EXERCISE BRIEF →
Retype the records below exactly as they appear, but leave out any pictures.

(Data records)
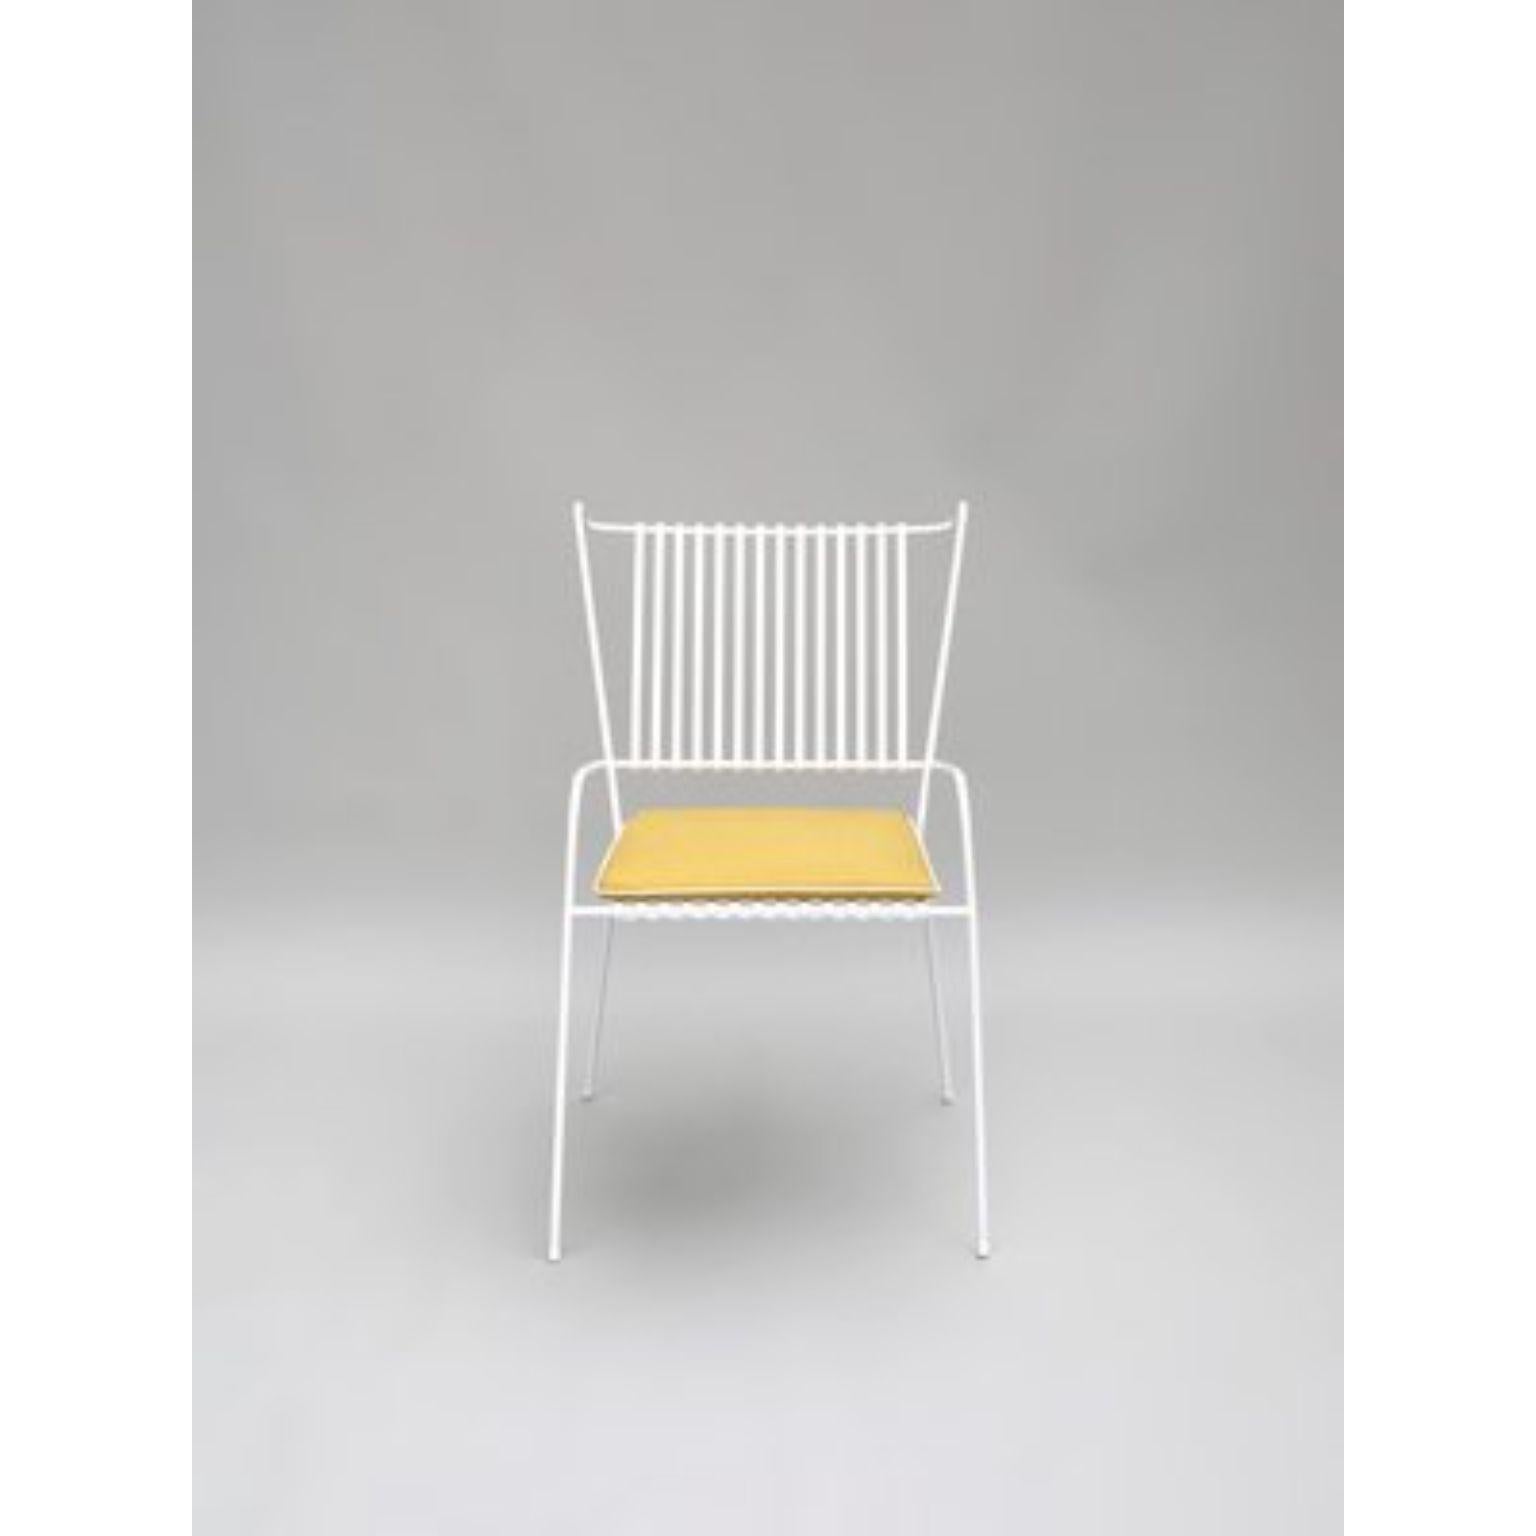 Weißer Capri-Stuhl mit Sitzkissen von Cools Collection'S
MATERIALIEN: Pulverbeschichteter Edelstahl, für den Außenbereich geeignetes Gewebe.
Abmessungen: Stuhl: B 53 x T 60 x H 86 cm (Sitzhöhe 45 cm).
Kissen: B 42 x T 42 x H 2cm.
Erhältlich in

SOLUTION FOR THIS EXERCISE →
 Weißer Capri-Stuhl mit Sitzkissen von Cools Collection'S
MATERIALIEN: Pulverbeschichteter Edelstahl, für den Außenbereich geeignetes Gewebe.
Abmessungen: Stuhl: B 53 x T 60 x H 86 cm (Sitzhöhe 45 cm).
Kissen: B 42 x T 42 x H 2cm.
Erhältlich in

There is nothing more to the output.